_ACTIVITY_. Every line of the listing below is to be duplicated exactly, with the pictures left out.

== DATA EXCERPT ==

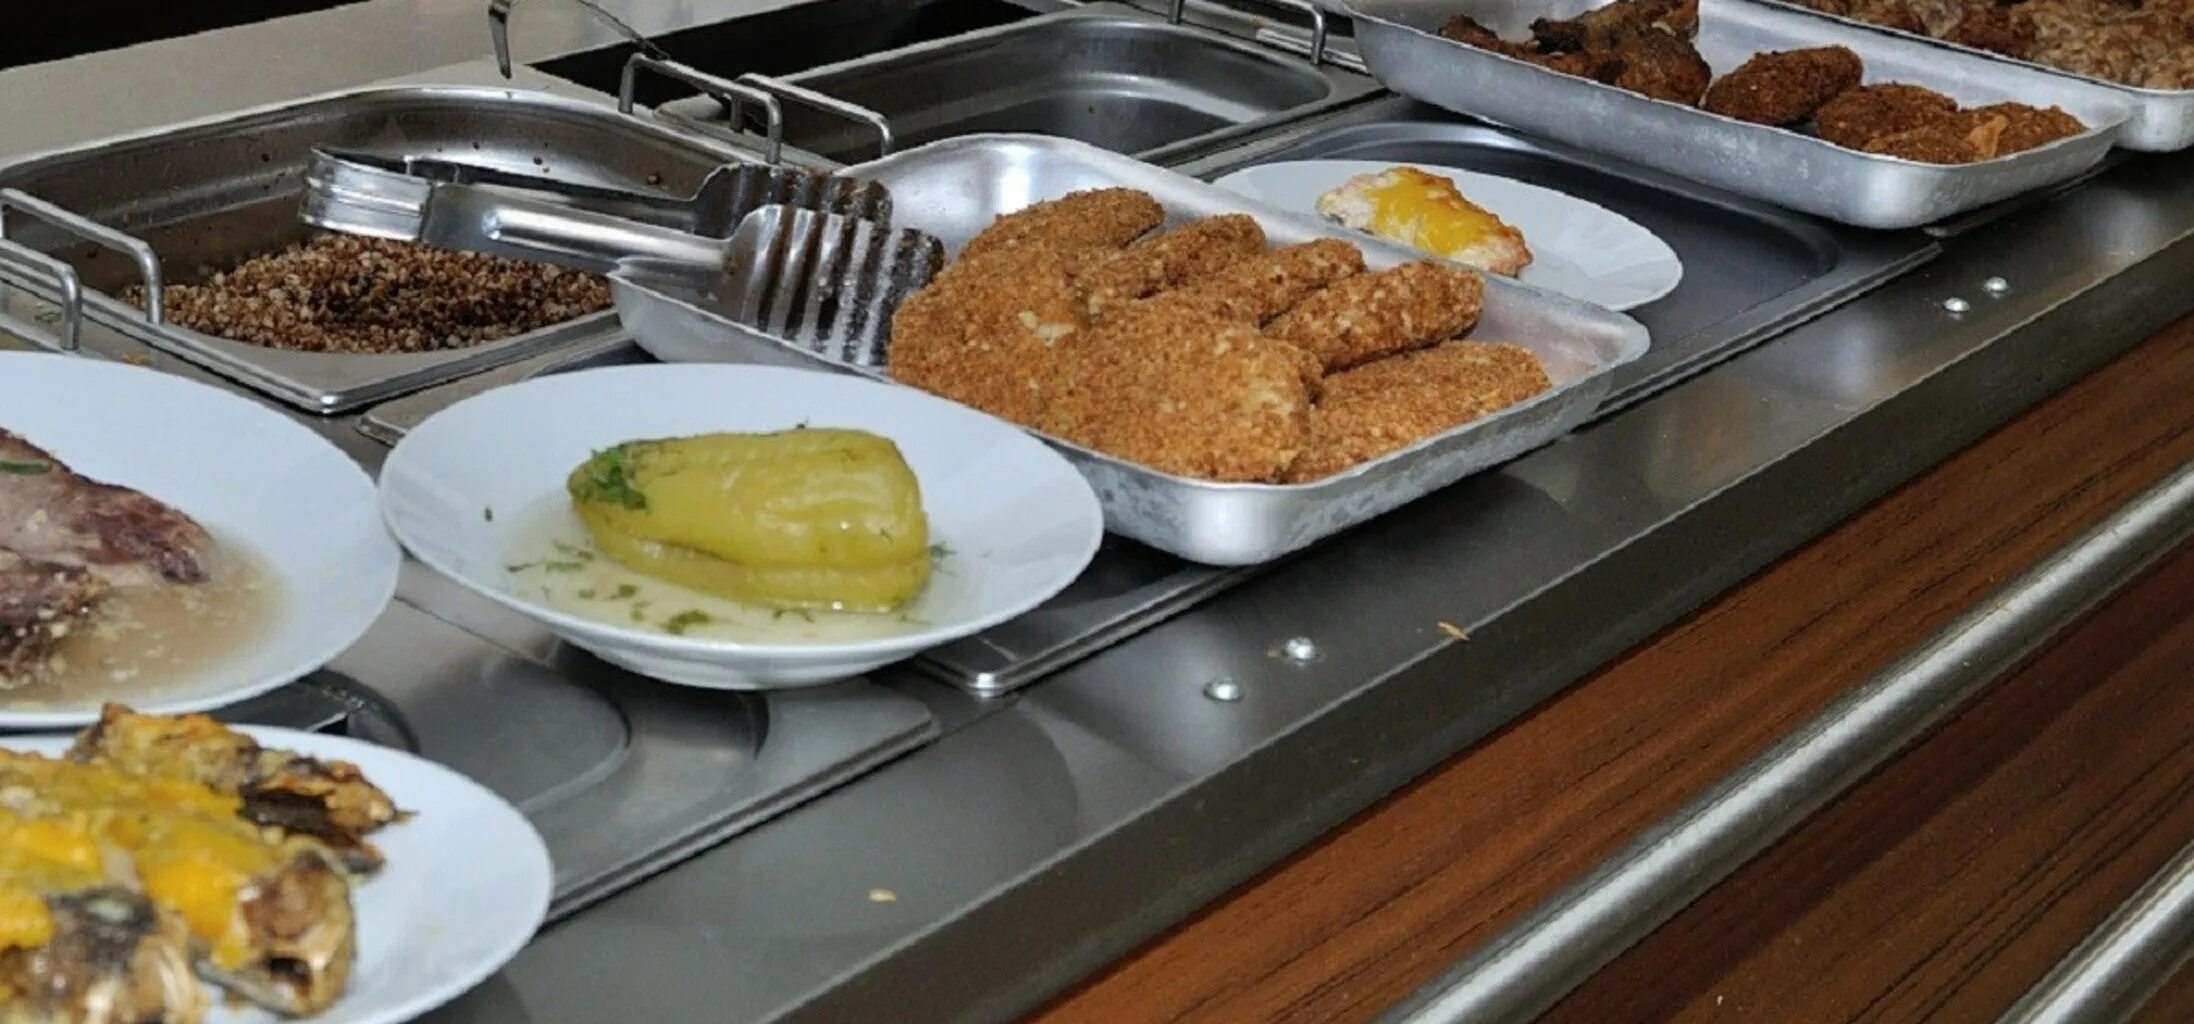 Блюда для школьного питания. Еда в школьной столовой. Школьная столовая. Обед в школьной столовой. Школьная столовая еда.
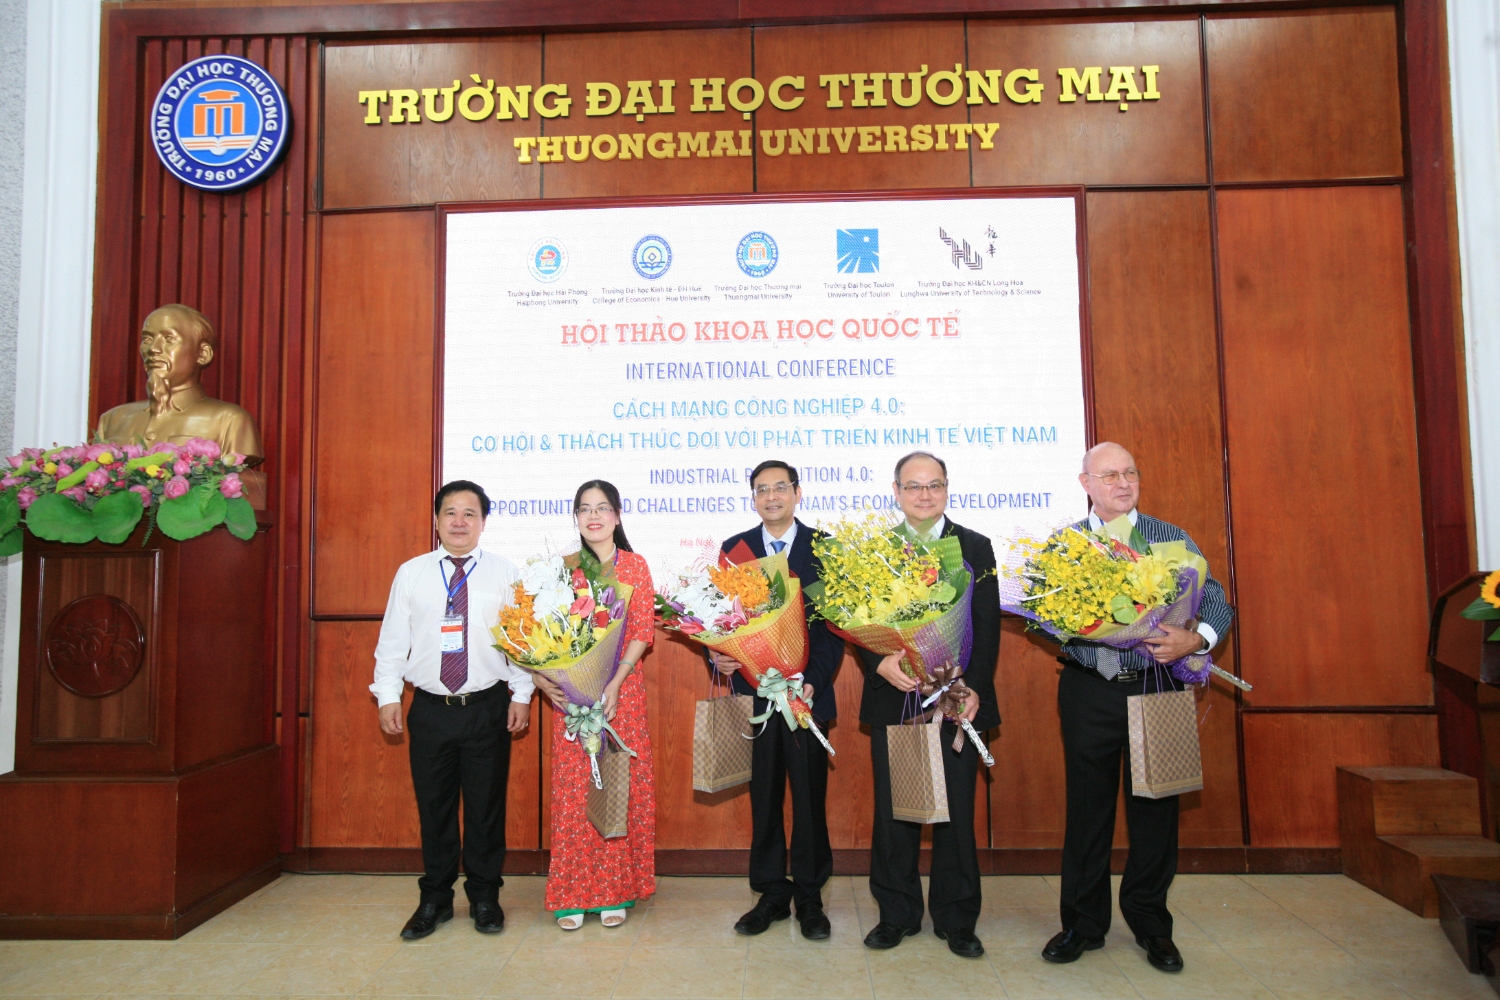 Hội thảo khoa học quốc tế với chủ đề “Cách mạng công nghiệp 4.0: Cơ hội và thách thức đối với phát triển kinh tế Việt Nam”
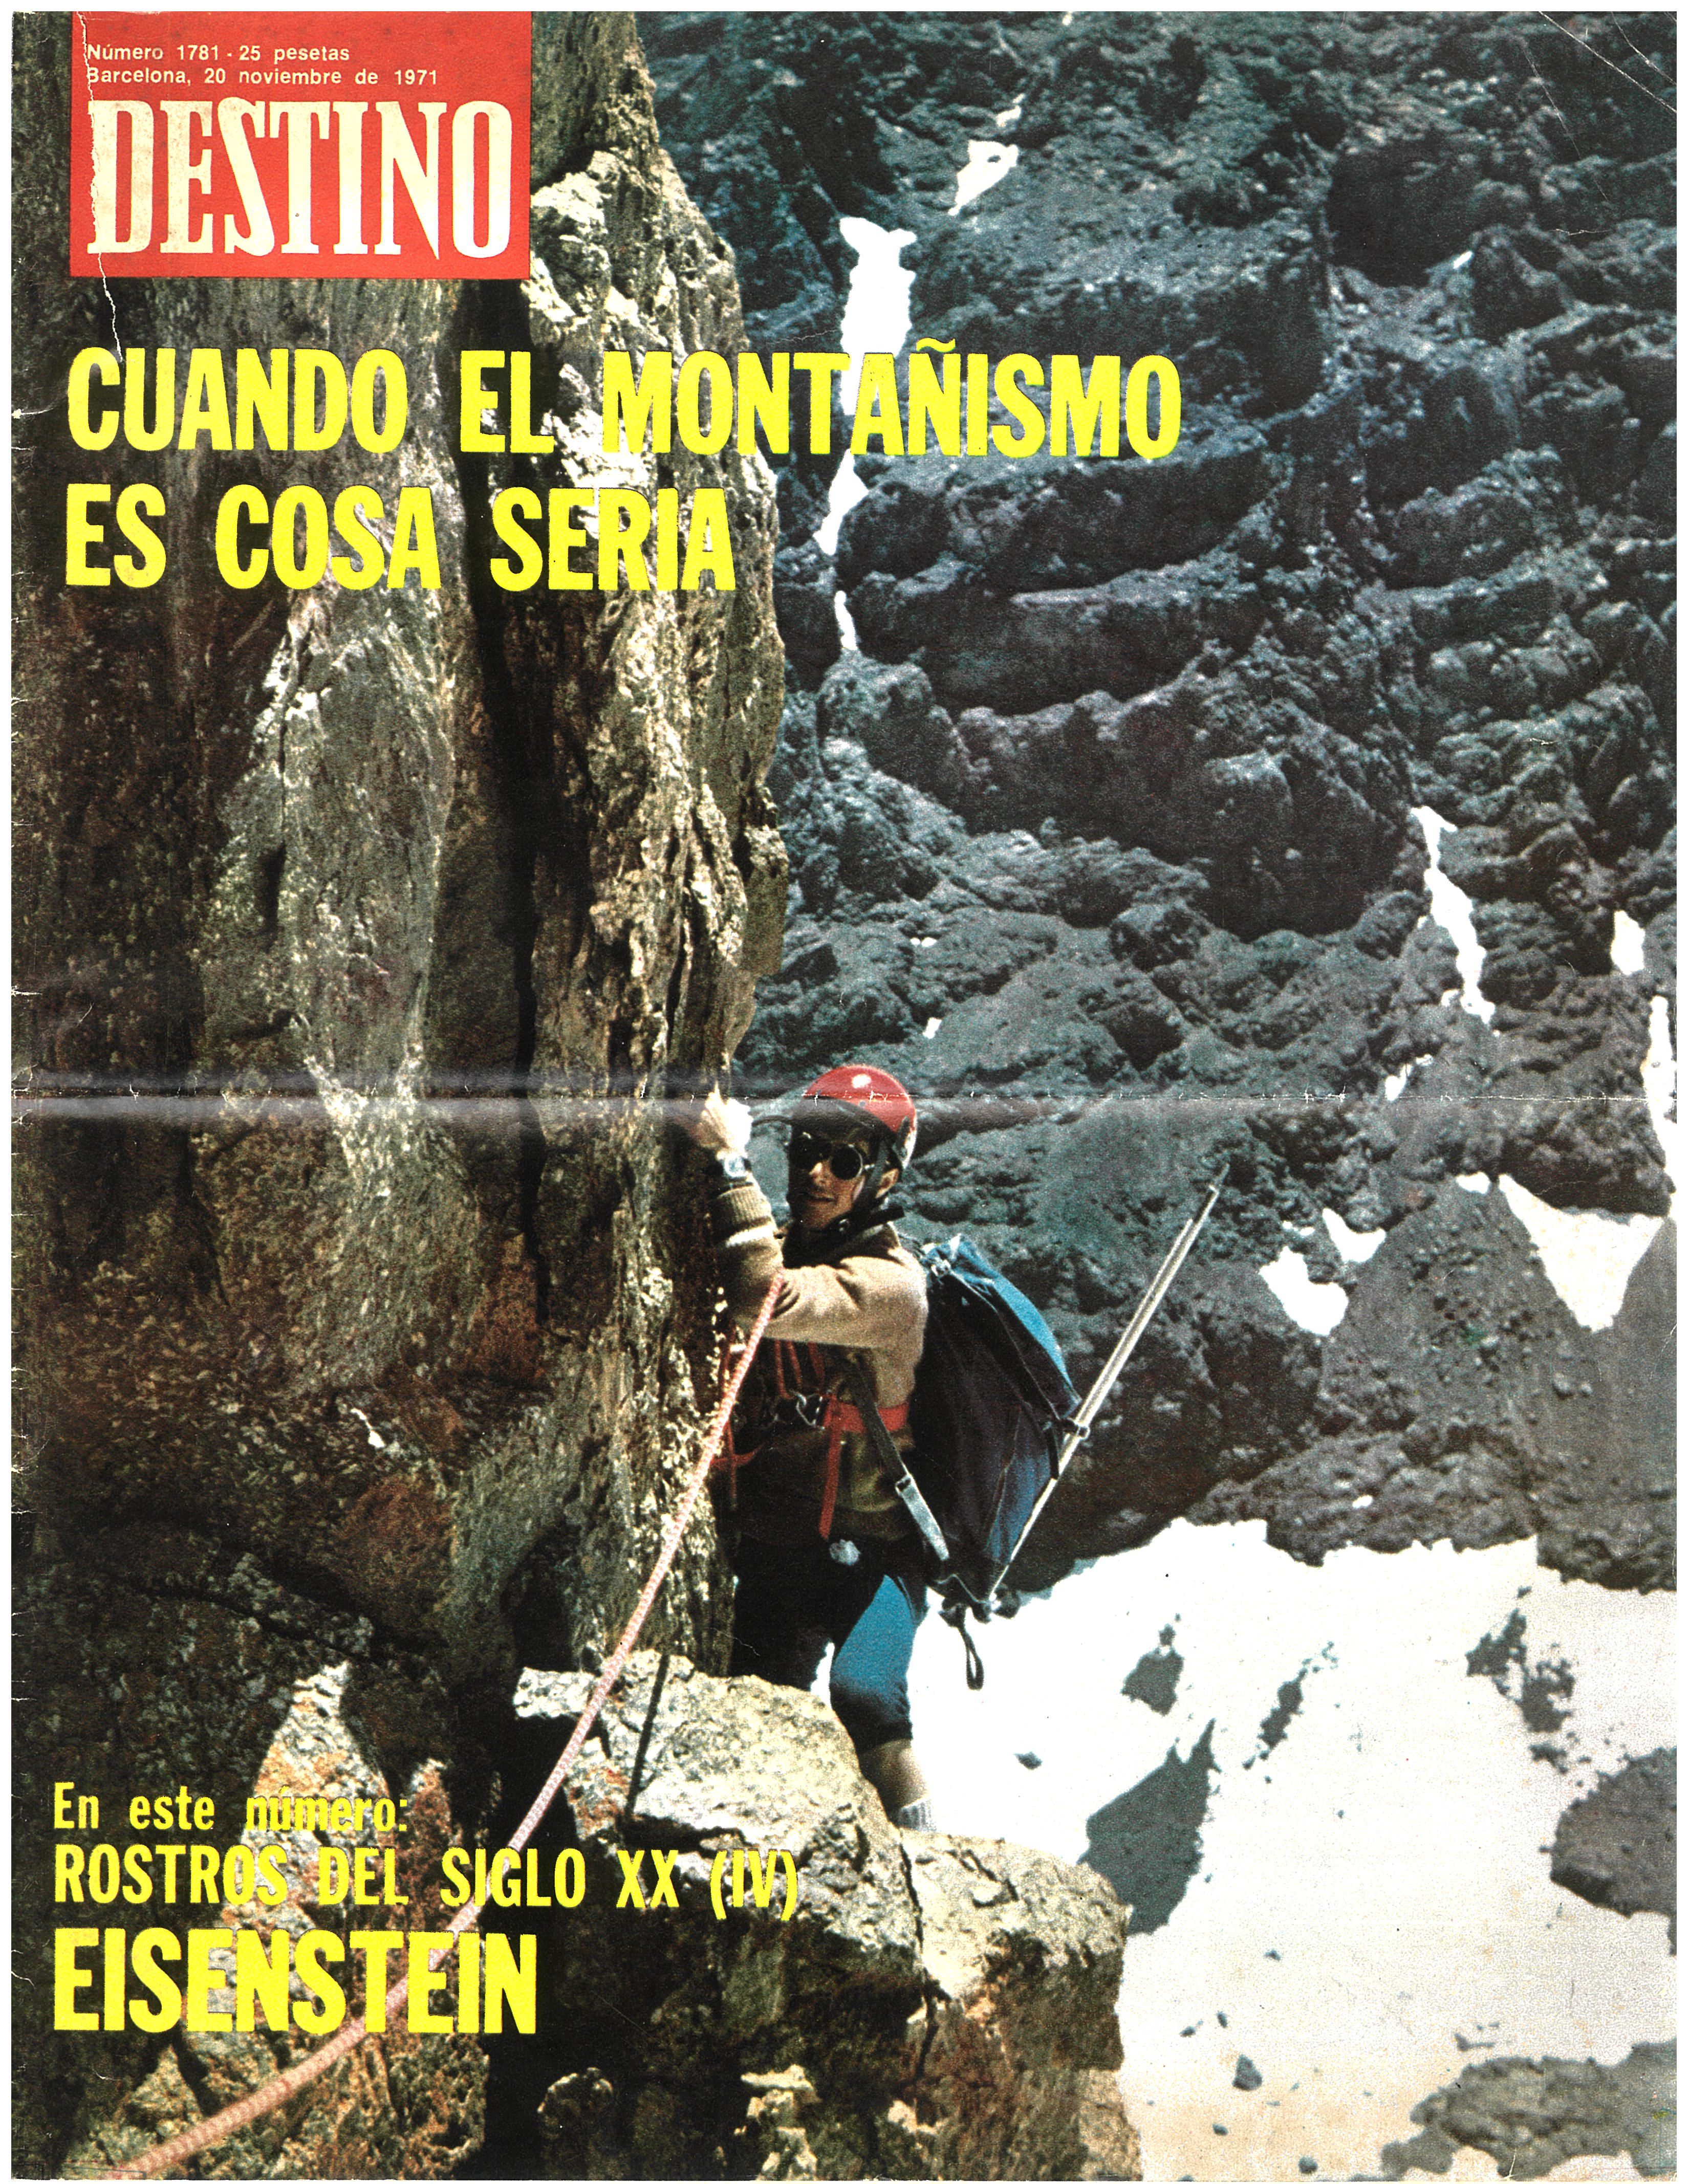 Portada de la revista “Destino” amb el reportatge de l’expedició en portada

===

_SOLVED PROBLEM_.
 Блюда для школьного питания. Еда в школьной столовой. Школьная столовая. Обед в школьной столовой. Школьная столовая еда.
 Hội thảo khoa học quốc tế với chủ đề “Cách mạng công nghiệp 4.0: Cơ hội và thách thức đối với phát triển kinh tế Việt Nam”
 Portada de la revista “Destino” amb el reportatge de l’expedició en portada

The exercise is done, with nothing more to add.